## TASK INSTRUCTIONS
After locating the line with "図 2-20　核燃料サイクルの概念", repeat it and every following line to the end of the listing, exactly. Omit the pictures.

## DATASET EXCERPT
* * * * * * * * *

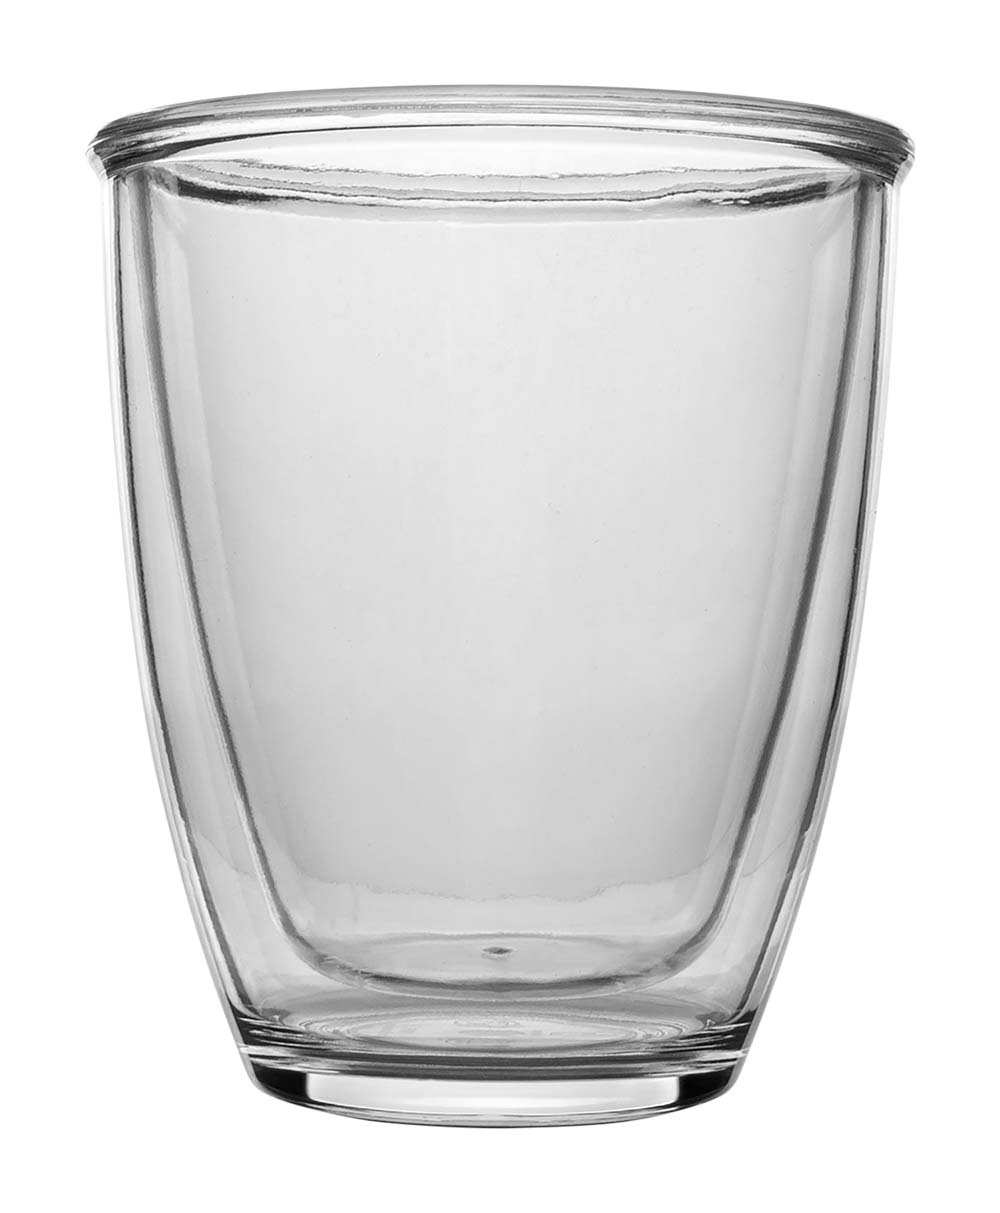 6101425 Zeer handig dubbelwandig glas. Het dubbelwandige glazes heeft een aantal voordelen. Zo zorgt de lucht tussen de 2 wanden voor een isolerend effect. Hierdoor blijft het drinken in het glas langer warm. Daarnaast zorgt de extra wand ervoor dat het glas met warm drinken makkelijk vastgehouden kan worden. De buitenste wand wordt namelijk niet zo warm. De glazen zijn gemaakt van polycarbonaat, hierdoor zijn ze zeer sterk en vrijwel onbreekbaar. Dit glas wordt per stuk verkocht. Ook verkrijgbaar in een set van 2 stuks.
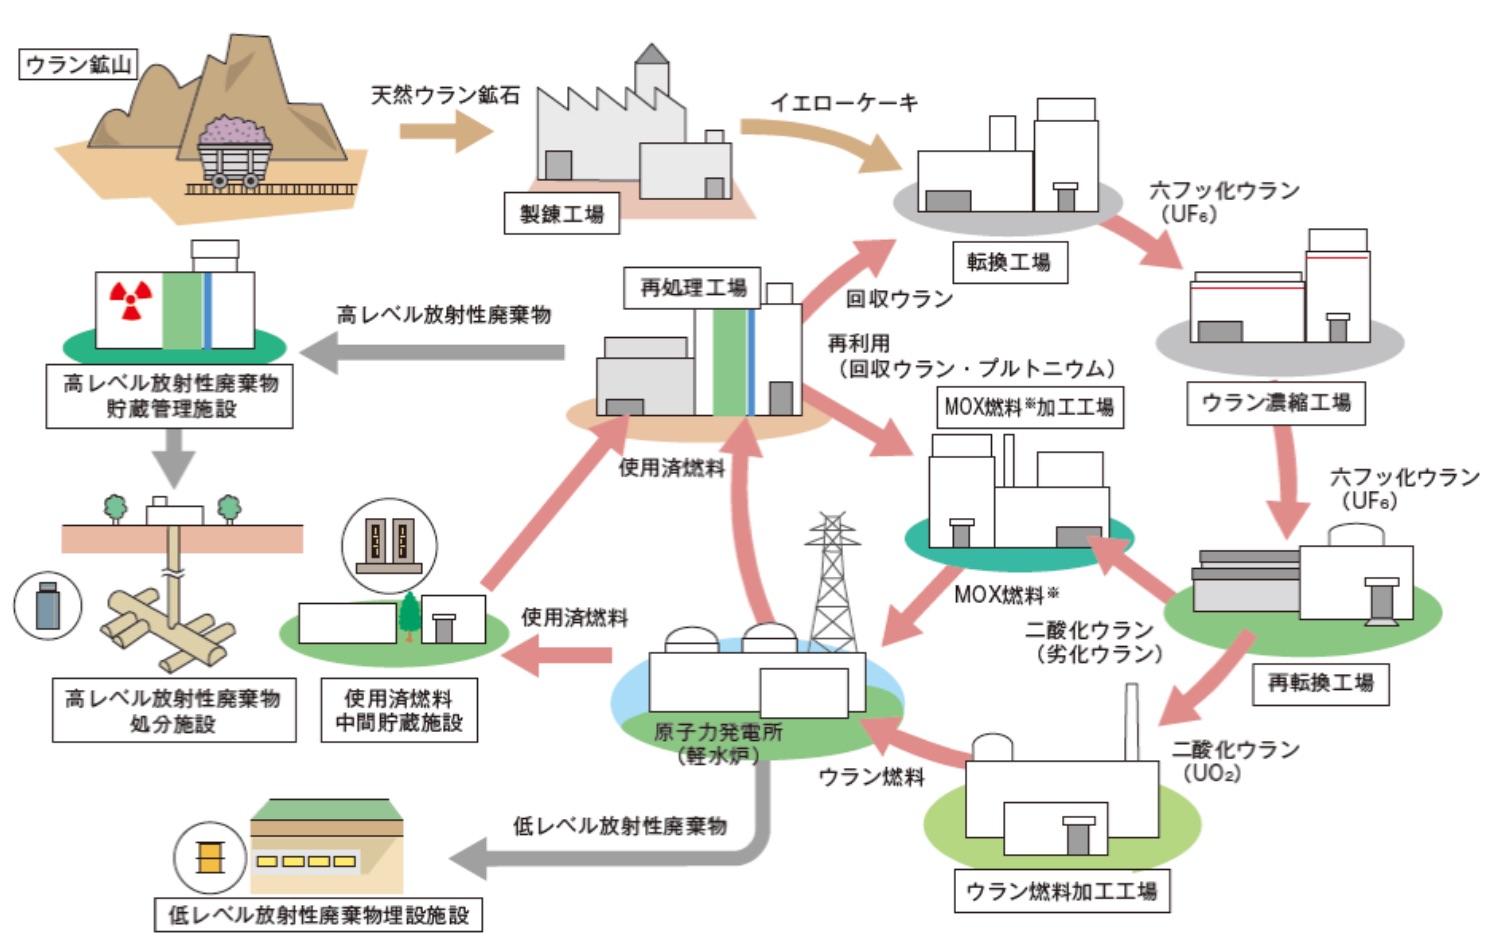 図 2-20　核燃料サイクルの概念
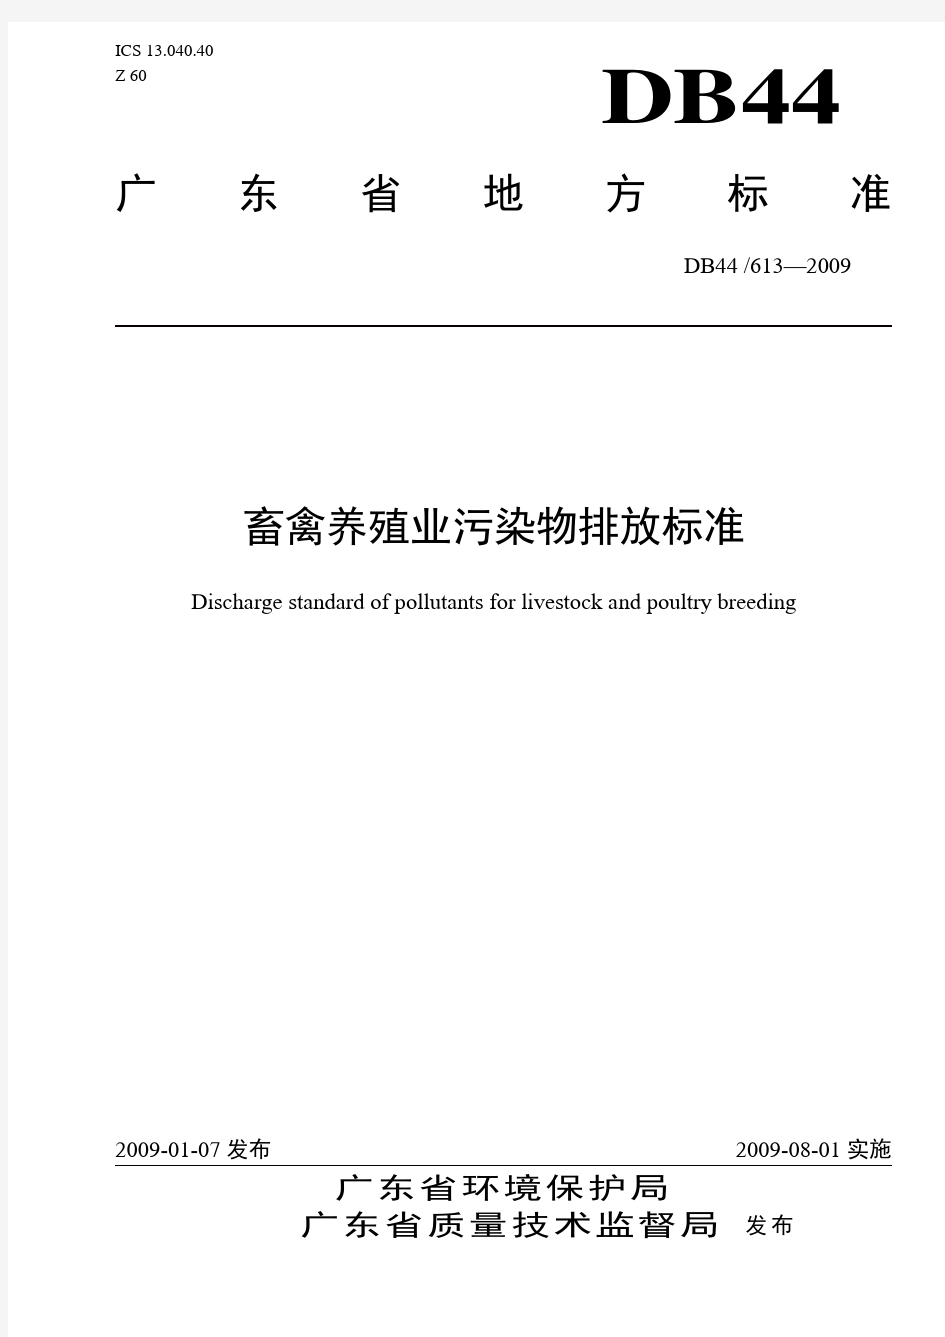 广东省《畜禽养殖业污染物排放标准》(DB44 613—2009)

* * * * * * * * *

## RESULT OF THE TASK
 図 2-20　核燃料サイクルの概念
 广东省《畜禽养殖业污染物排放标准》(DB44 613—2009)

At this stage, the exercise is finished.